Woordenboek van Populair Taalgebruik

Marc De Coster (2020-2024)

Gepubliceerd op 19-07-2023

aan de pimpel zijn (raken)

betekenis & definitie

(19e eeuw) (inf.) stevig gaan drinken. Syn.: aan de flep zijn. Zie ook: pimpelen*.

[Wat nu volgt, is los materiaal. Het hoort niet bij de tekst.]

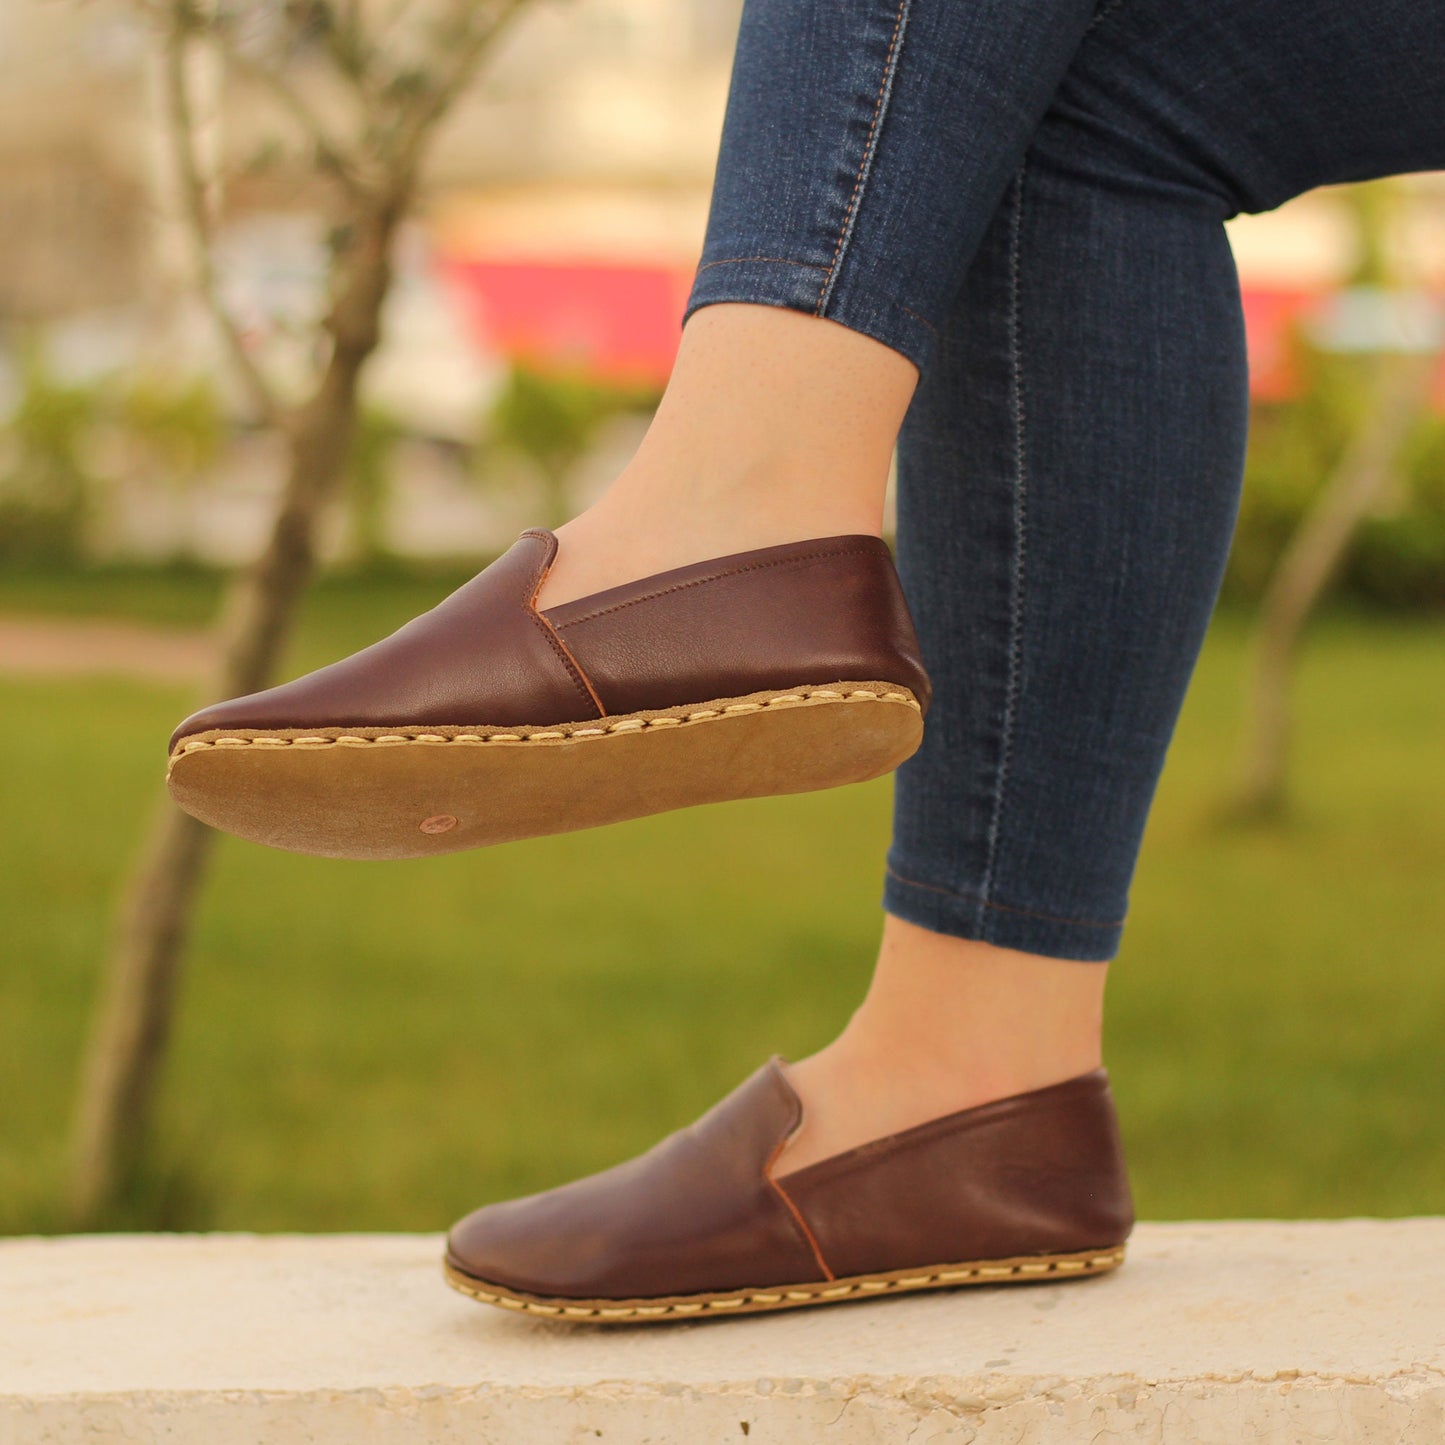 Connect with the Earth in Style and Comfort with Dark Brown Leather Earthing Shoes for Women with Wide Toe Box

• hij is an de pimpel = hij s n pimpelder = hij is een zuiper, een pimpelaar; ook Oostfr.– Deensch pimpe= een teugje uit het glas nemen. (H. Molema: Woordenboek der Groningsche volkstaal, in de 19de eeuw. 1895)
• Een toeter pakken (A.). Een poerloere nemen, of: er een poerloertje op zetten (D. B.). Aan de flep zijn (V. D.). Een zwarte zuster (flesch rooden wijn) den nek breken (V. Du.) 2). Den bonten stier scheren (D. B.). Aan den pimpel zijn (V. D.). (De Navorscher. 1898)
• ‘t Betreft het geval van dien Belgischen loods, die door verdriet over dien grooten rampzaligen wereldoorlog, volgens zijn zeggen aan de pimpel was geraakt. (het Vaderland, 09/04/1922)
• Aan de pimpel weezn, pimpeln = aan de drank zijn. Pimpelder = drinkebroer. (K. ter Laan: Nieuw Groninger Woordenboek 1924-1929)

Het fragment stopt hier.